In our case, aruco_detect has been configured to listen to /camera/rgb/image_raw for sensor_msgs/Image messages and publish fiducial_msgs/FiducialTransformArray to /fiducial_transforms. A fiducial transform message contains a marker id and a 3D transformation that tells the position and orientation of the marker with respect to the camera.

Last but not least, we need to figure out how we are going to control the robot. The goal of our control algorithm is to maintain a certain pose relative to a given target. The idea of vision-based control is about driving a robot with visual feedback. We will use the extracted information from the camera images to control the robot. So, for every fiducial transformations message, our control loop will act as follows:

  • if marker is not detected
    • if enough time has passed, start exploration
  • if marker is detected
    • if exploration is in progress, cancel exploration
    • compute global navigation goal
    • send navigation goal

To follow a target, we need to first see the target. If the target is not in the camera’s field of view, we cannot just stay idle, as it might never show up. So we need to start exploring the space. We will consider two simple approaches:

  • move to a vantage point where we can expect the target to appear
  • rotate in place 360 degrees to observe the space all around

Given that we see the marker, and we have its transformation, \(T_{cf}\), we need to compute the navigation goal, \(T_{mt}\), for the robot. The marker transformation is in the camera frame. We need to first express it in the robot frame, and then the map frame. The robot to camera transformation, \(T_{rc}\), is defined by the URDF of the robot. The map to robot transformation, \(T_{mr}\), is estimated by localization. tf can do all these calculations, and give us the marker in the map frame, \(T_{mf} = T_{mr} T_{rc} T_{cf}\). Then, we only need to apply the marker to target transformation, which is defined by us, to get the desired pose of the robot.

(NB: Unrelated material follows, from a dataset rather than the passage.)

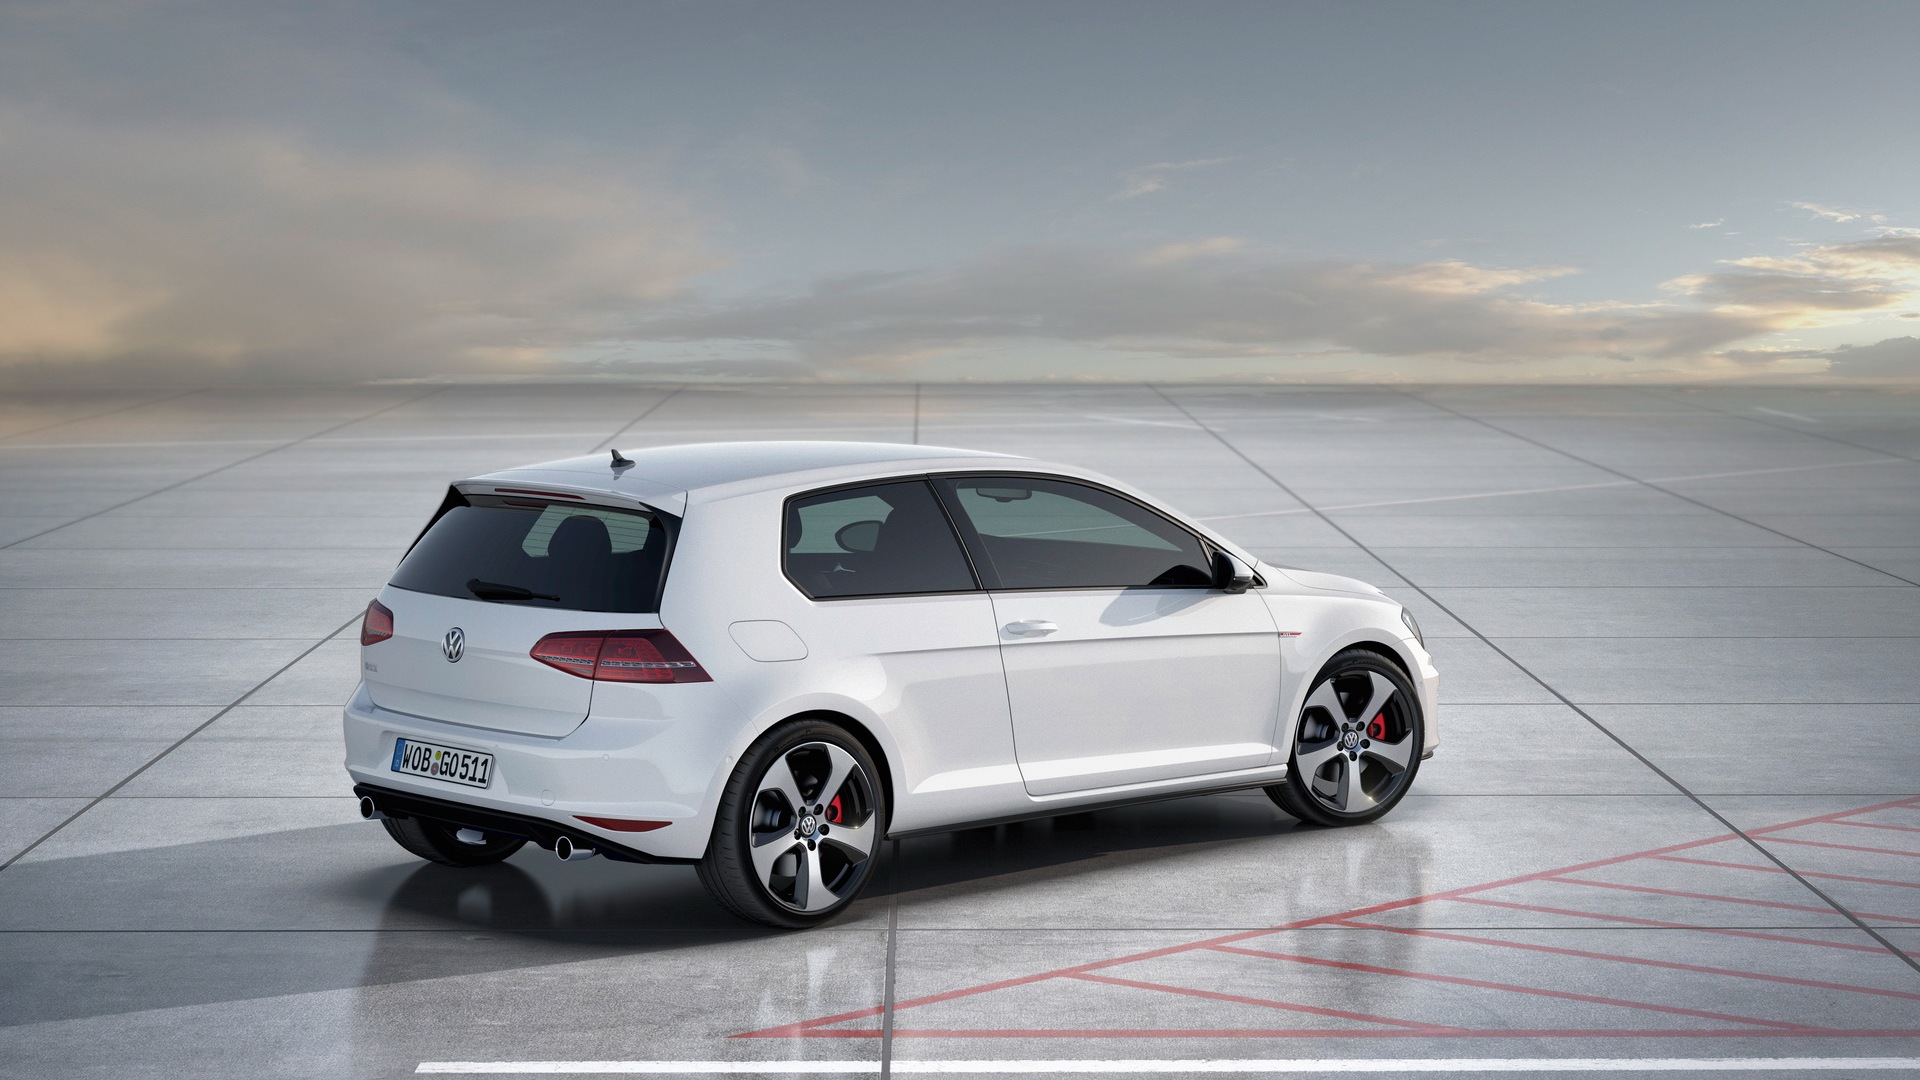 Volkswagen Golf GTI Concept photos and wallpapers tuningnewsnet

\[T_{mt} = T_{mr} T_{rc} T_{cf} T_{ft}\]

move_base has two interfaces for sending navigation goals. One is a topic, move_base_simple/goal, and the other is an action, move_base. We use the topic to continuously send goals as we receive marker transformations. But we use the action when doing exploration so that we have some feedback. In the case of the ‘rotate’ exploration, for example, we want to keep going as long as we don’t see the marker. For that, we need to know when the robot has reached the commanded orientation so that we send the next one.

What was discussed is implemented in the follow_marker node in grobot_navigation. To see it all in action, you can run the visual_servoing.launch with your preferred exploration strategy.

> roslaunch grobot_bringup visual_servoing.launch exploration_strategy:=move_to_target
> # or
> roslaunch grobot_bringup visual_servoing.launch exploration_strategy:=rotate


It doesn’t take long to notice that the approach is unreliable. The robot frequently loses track of the marker. The problem is that we are giving a goal to the robot and letting it freely navigate. In this example, we implemented our algorithm as an application on top of move_base. In a real scenario, we would have to integrate our additional requirements into the navigation planner. The goal would be to make sure that the robot keeps track of the marker and to optimize its trajectories by anticipating where the marker is going to be.


We’ve seen how we can create and configure multiple resources in a simulation. We’ve worked on an application where we controlled a robot with input from a camera and had it follow a marker. The result was inadequate, but it showcases that by combining gazebo and ROS, we get a platform where we have all the freedom we need to experiment. So, what are you going to try next?